● What to produce
Below is a listing to transcribe in full and exactly; keep the pictures out.

● Dataset excerpt
====

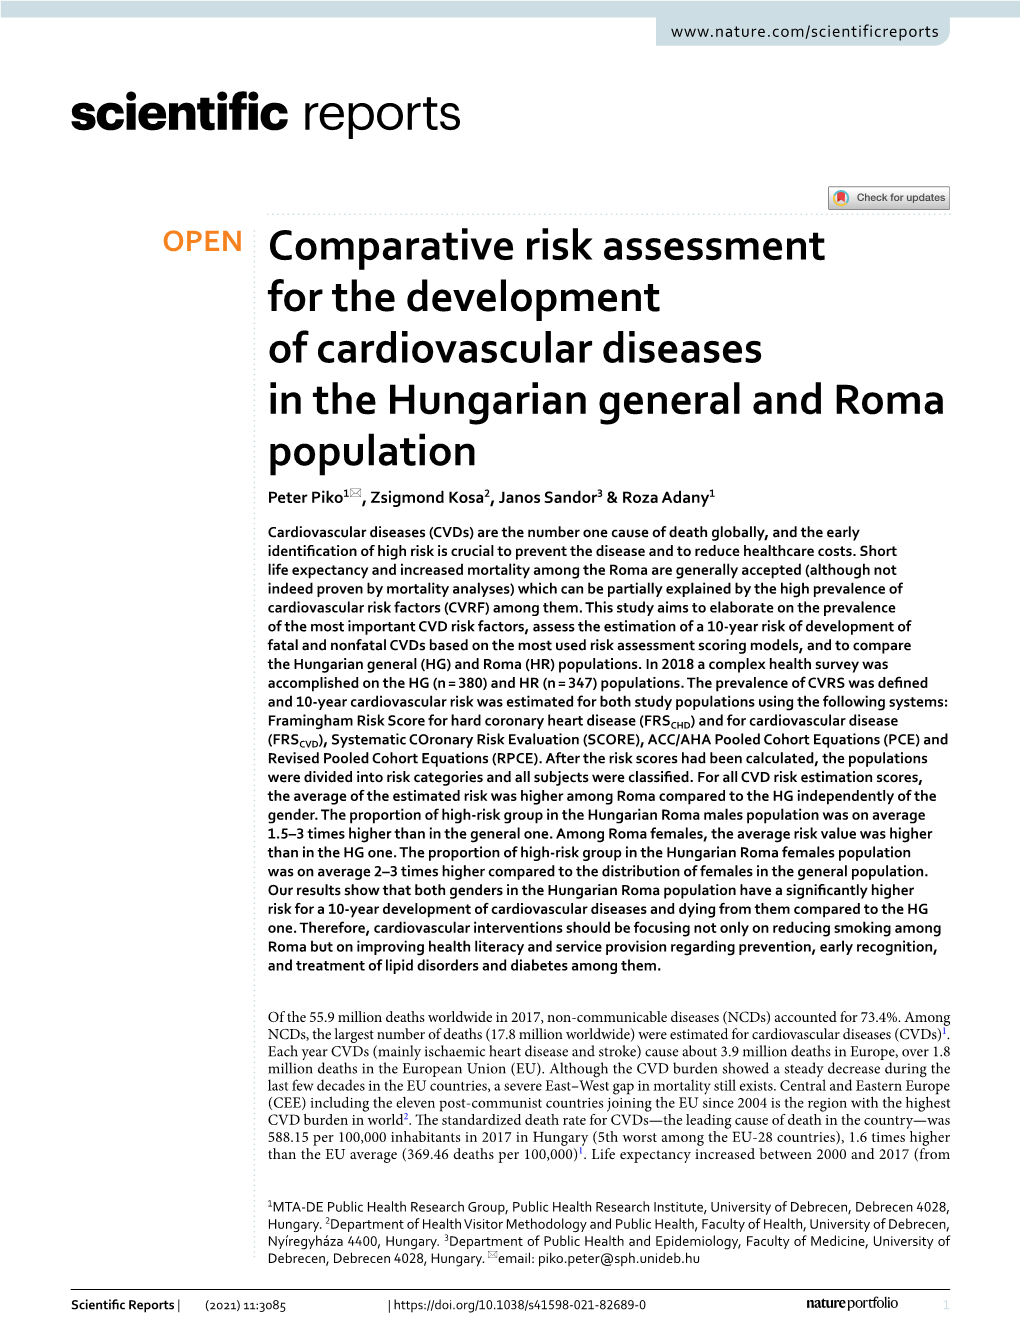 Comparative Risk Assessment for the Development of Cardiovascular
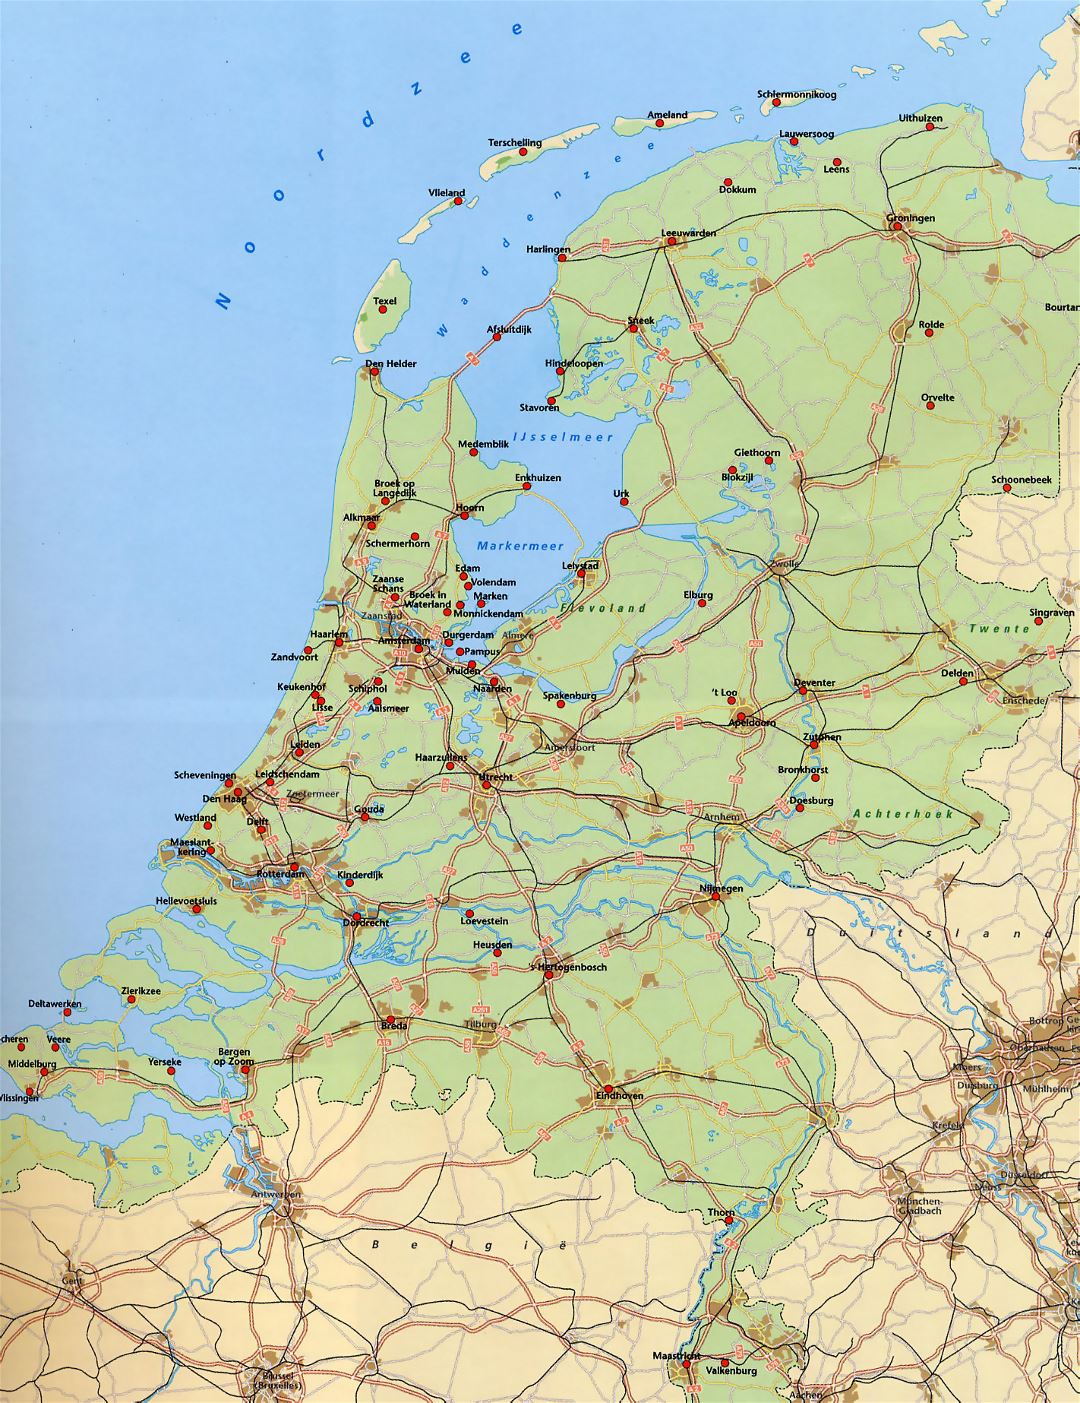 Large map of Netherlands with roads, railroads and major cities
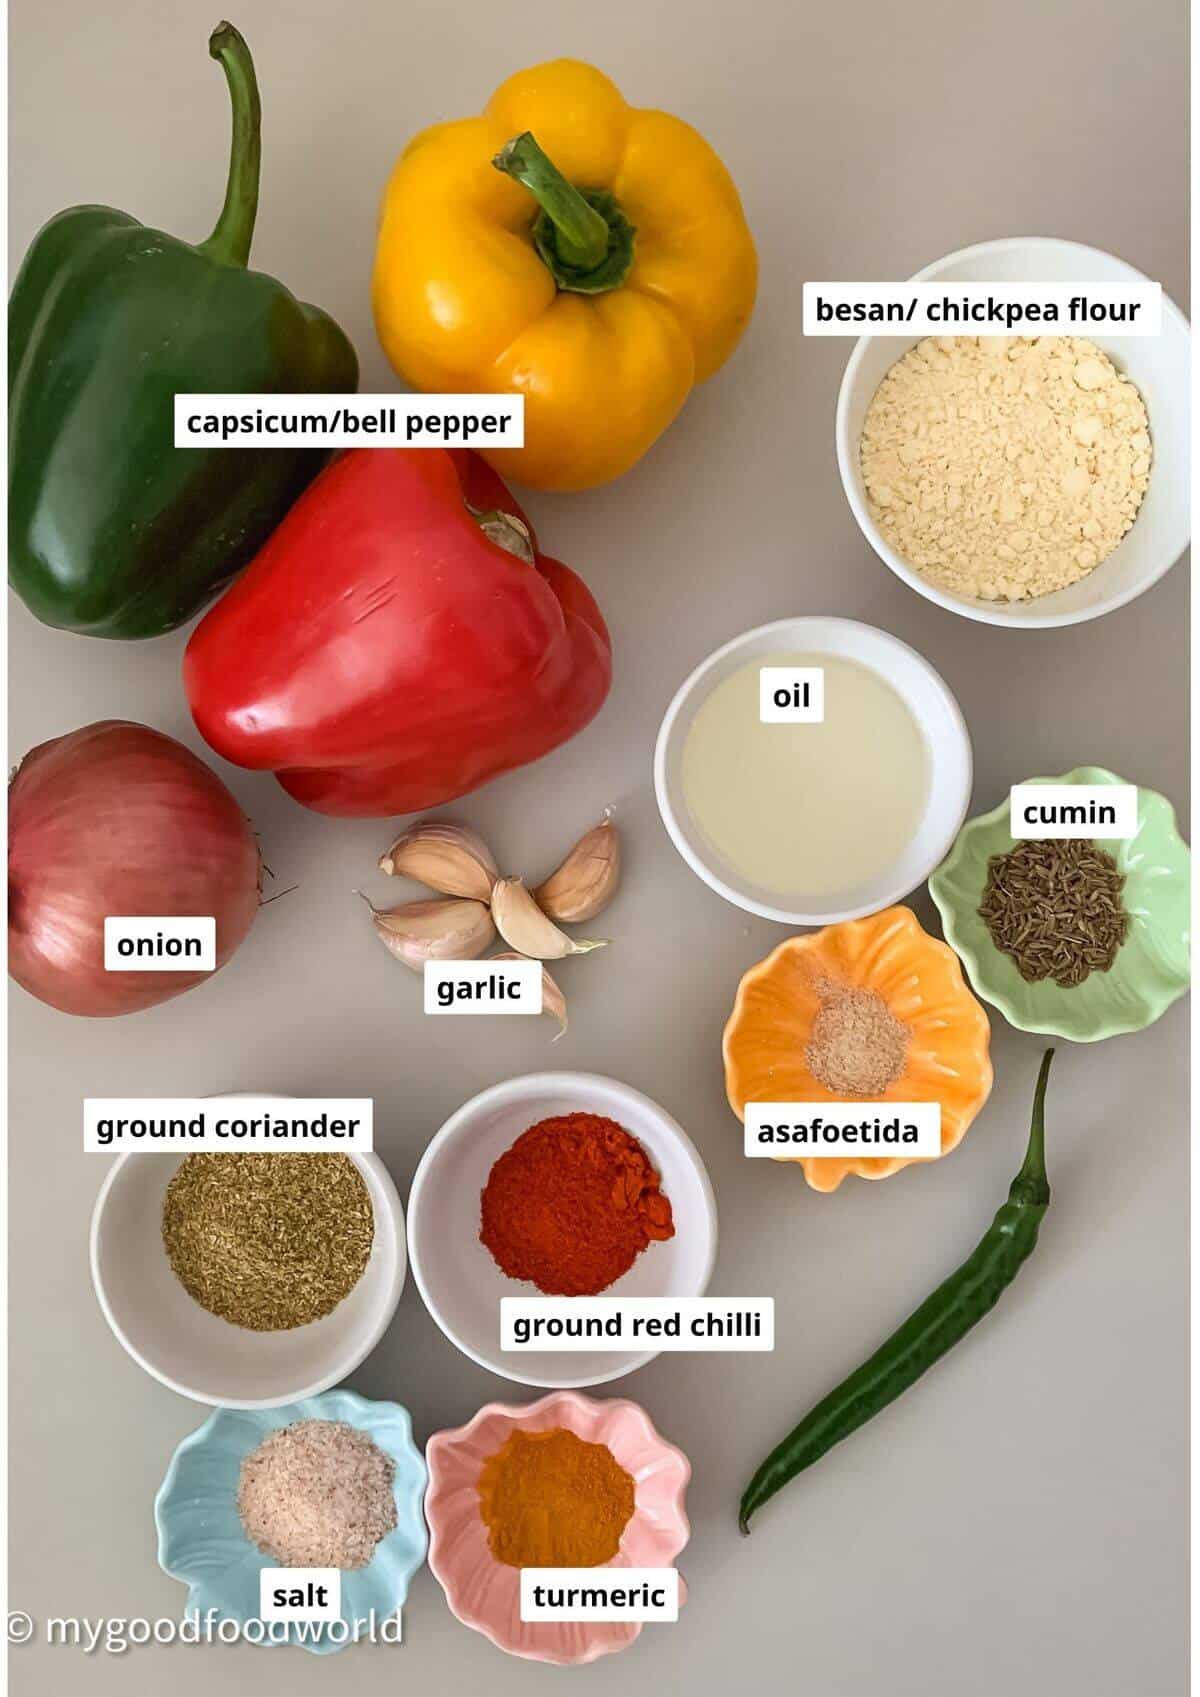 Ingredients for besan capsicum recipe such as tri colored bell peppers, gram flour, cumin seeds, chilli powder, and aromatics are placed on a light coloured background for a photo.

====

● Solution for this problem
 Comparative Risk Assessment for the Development of Cardiovascular
 Large map of Netherlands with roads, railroads and major cities
 Ingredients for besan capsicum recipe such as tri colored bell peppers, gram flour, cumin seeds, chilli powder, and aromatics are placed on a light coloured background for a photo.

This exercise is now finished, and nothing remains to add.